Она прижимала кружевной платочек то к одной щеке, то к другой, промокая слезы. Я ощущал себя коршуном, терзающим голубку. В самом деле, чего я прицепился к матери с вопросами, когда ее рана еще совсем свежа. Неужели нельзя подождать?
«Потом может быть поздно, дружище, – нашептывал мой внутренний голос. – Поздно! Действуй, как подсказывает тебе сердце, и будь что будет!»
– Ты меня прости, ма, – виновато попросил я. – Тебе больно говорить об этом. Но мы должны обсудить все варианты.
Она вздрогнула и посмотрела на меня красными воспаленными глазами.
– Ты что? Какие варианты? Думаешь, его… он…
– Нет, нет, – искренне возразил я, понимая, чего она не решается вымолвить. – Речь не идет об убийстве. Папа умер естественной смертью, в этом никто не сомневается. Но… я должен знать все о его последнем годе. Я был невнимателен к нему, мы почти не говорили о серьезных вещах. Обменивались общими фразами. Доброе утро… спокойной ночи…
– Андрей был постоянно занят, – бросилась она на защиту покойного мужа. – Он работал для нас с тобой, Нико! Чтобы мы ни в чем не нуждались. Нечестно упрекать его теперь, когда он ушел.
– Я не упрекаю, – огорчился я. – Мы любили друг друга, как могли. Я рос разгильдяем и доставлял ему массу хлопот. Он заслуживал лучшего наследника.
Мать промолчала, глядя на портрет отца в траурной рамке. После сорокового дня я предложил ей убрать портрет, но она не соглашалась.

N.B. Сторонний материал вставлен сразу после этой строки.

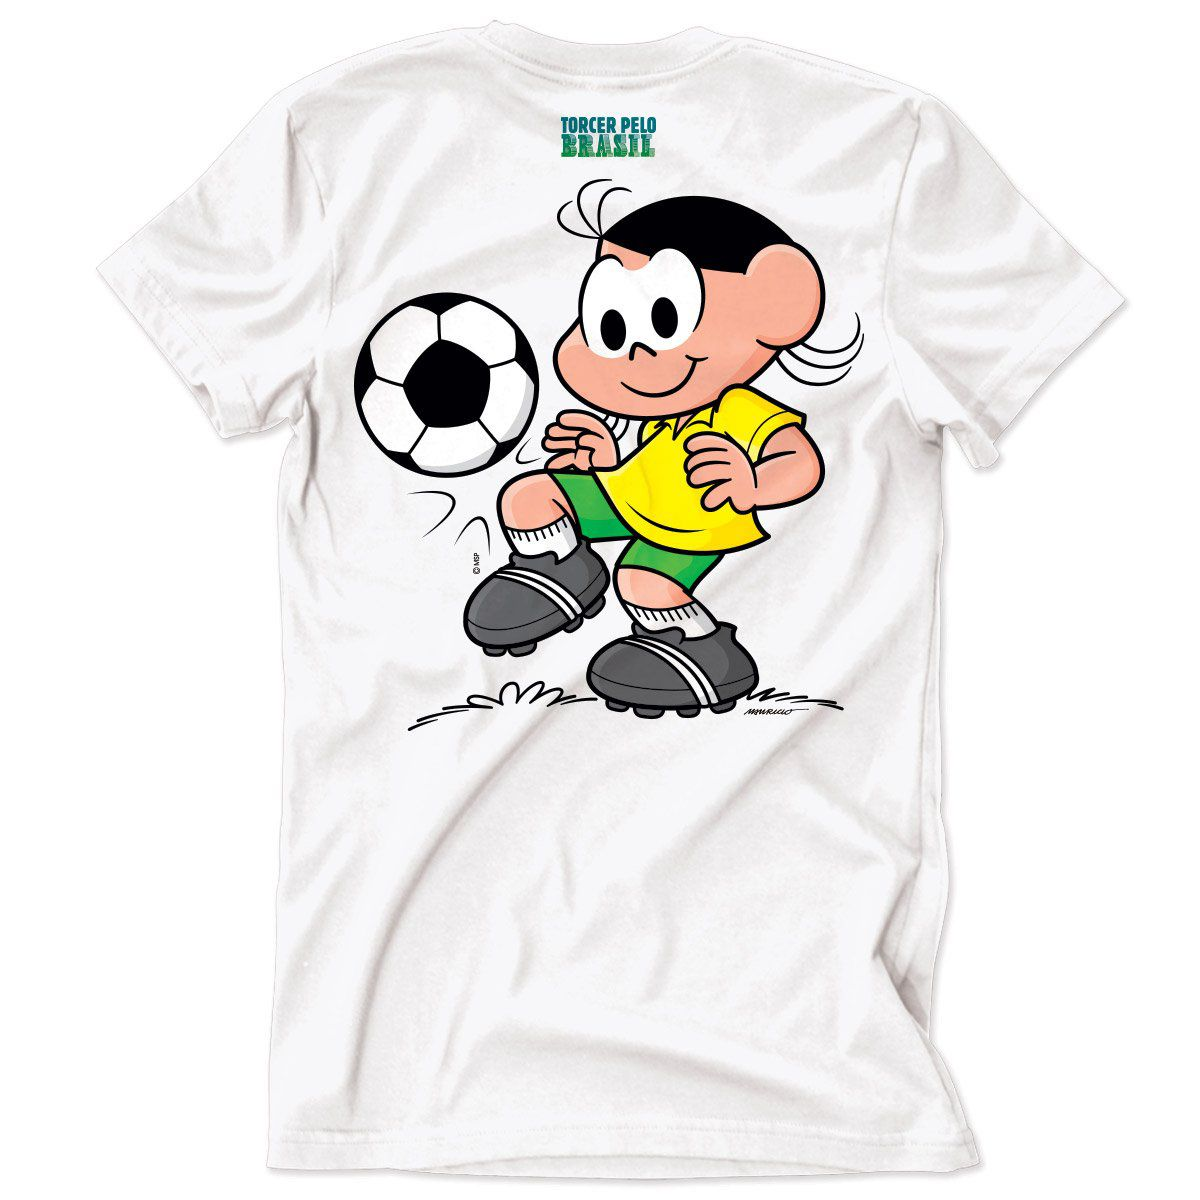 Camiseta Turma da Mônica Jogadora Magali

Я тоже молчал, не находя нужных слов. Она первой нарушила затянувшуюся паузу:
– Ты похож на своего отца… такой же упрямый и скрытный.
Я не стал возражать. Тем более, что и упрямство, и скрытность были мне присущи. Я надеялся, эти качества пригодятся в бизнесе. Отцу они по крайней мере не мешали преуспевать.